Rev. Paul Palumbo
Dean of the North Central Cluster
I was honored to represent Bishop Manlove and our Synod at the Week of Prayer for Christian Unity and State of the Church event on Thursday January 23, 2025 hosted by the Center for Ecumenical and Interreligious Engagement at Seattle University. Bishop Vashti McKenzie, president of the National Council of Churches was the guest speaker.
At the ‘State of the Church’ presentations, the rise of Christian Nationalism in America was front and center. Bishop McKenzie and others spoke with power and hope, clearly pointing to the sovereignty of God in all things. But the Word of God came from a different source!
In open conversation after one presentation, a young African American pastor stood up. He started with a reminder.
““First of all, let us be clear. This is not just Christian Nationalism; it is White Christian Nationalism. In that sense, it is nothing new in this country! From the devastation of Native Peoples to Slavery, from Jim Crow to the Southern Strategy, this is nothing new.” Then this, “We know what’s coming. I can already feel my body preparing itself to suffer.””
This was the divine word for the day.

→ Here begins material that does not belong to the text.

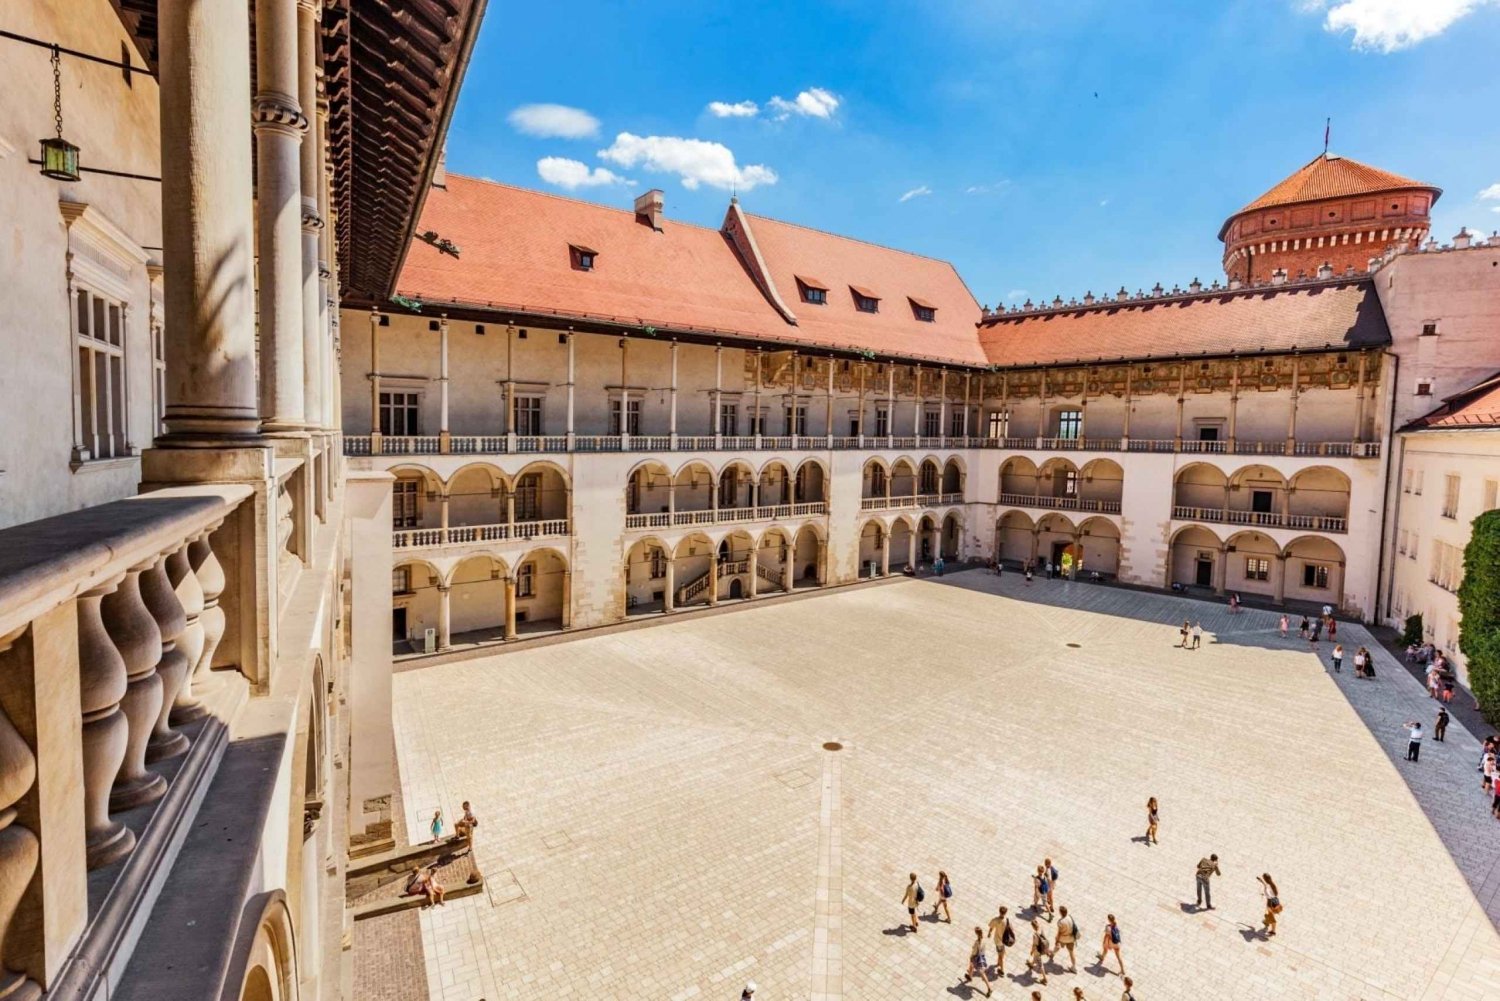 Cracóvia: visita guiada ao Castelo de Wawel e à colina sem fila

After the meeting, I went to him at his chair, knelt before him, (something like Simon to Jesus after the great haul of fish), and told him how sorry I was that it had come to this yet again for him. And I also wanted to hear more about preparation for suffering. His explanation was that it was a mystery hidden in his DNA. His ancestors, his great-grandparents, grandparents and parents all knew suffering and they knew it in their bodies, as does he.
So profoundly true for our young colleague, and totally not true for me. Preparing for suffering is not in my DNA. My DNA seems wired to avoid suffering, not prepare for it.
Fortunately, like any divine word, this one didn’t leave me alone. It led me to the Church, the Body of Christ, which (why had I not noticed before?) is always preparing itself to suffer. Holy Baptism, so gentrified in practice, is a drowning, a daily putting to death of the old self, that ‘wired to avoid suffering’ self. The Holy Eucharist is the re-presenting of our Lord’s suffering; body broken, blood shed. Isn’t it a rehearsal for the suffering of the Body of Christ gathered around the table? Standing with the vulnerable, tending to the dying, taking the risk of welcoming the stranger, in these and many other ways, the Body of Christ does prepare itself to suffer. Until now, perhaps I have not wanted or needed to notice. I suspect that time is over.